He October 26, 2020, with almost the entire planet confined For that first year of the covid-19 pandemic, NASA surprised us by confirming that there was water on the Moon. The North American space agency has continued to investigate this phenomenon, but it seems that China has taken advantage of it.
Just a month after this NASA announcement in 2020, China’s space agency sent the Chang’e 5 probe to our natural satellite to collect samples and bring them back to Earth.
In mid-December of that same year, the device returned to the mainland and since then Chinese scientists have been analyzing lunar rocks. It took two years and three months for the astronomical organization to make a big announcement like this.
There’s water?

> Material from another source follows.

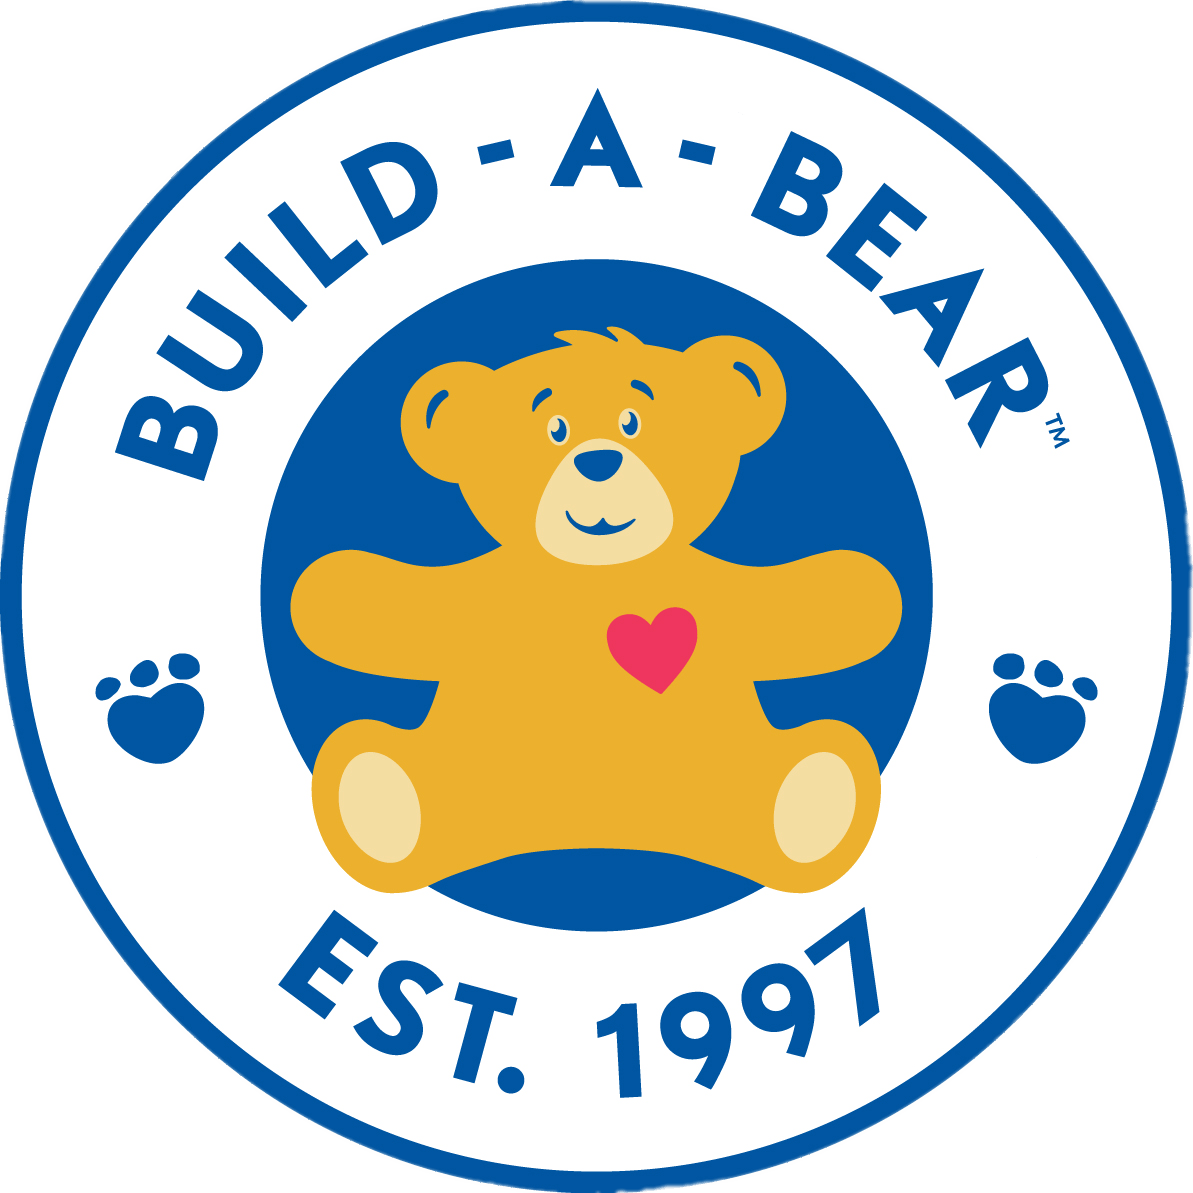 Build A Bear Workshop Inc

Yes, we already knew that. The Asians surprise us with the amount: they estimate that around 270 million tons, a figure that they say continues to rise, according to xataka.
TECHNOLOGY
China discovers a reserve of millions of tons of water on the Moon
A group of Chinese scientists has found water in impact glass beads found by the Chang’e-5 mission in a lunar crater. pic.twitter.com/ILpuvdj2n0
—Ubadel (@Ubadel10) March 28, 2023
Where does that water come from?
The water was embedded in tiny glass beads in the lunar soil where meteorite impacts occur. These bright, multicolored glass beads were in samples that China.
Now, that is not enough for such an amount to exist, because the Moon does not meet the conditions for the development of life as we know it.
The aforementioned portal indicates that the following process occurs on our satellite: “the hydrogen and oxygen atoms would have joined to form molecules of different types on the same Moon. Hydrogen ions would be pushed by the solar wind, and upon reaching the Moon they would mix with the oxygen atoms present in the rock on its surface.
Experts estimate that there are two milligrams of water for every gram of lunar rock; about a thousand times what was previously theorized.
What good is this for us, are we going to be able to live on the moon? No. The point is that there is a focus to investigate in the next lunar trips.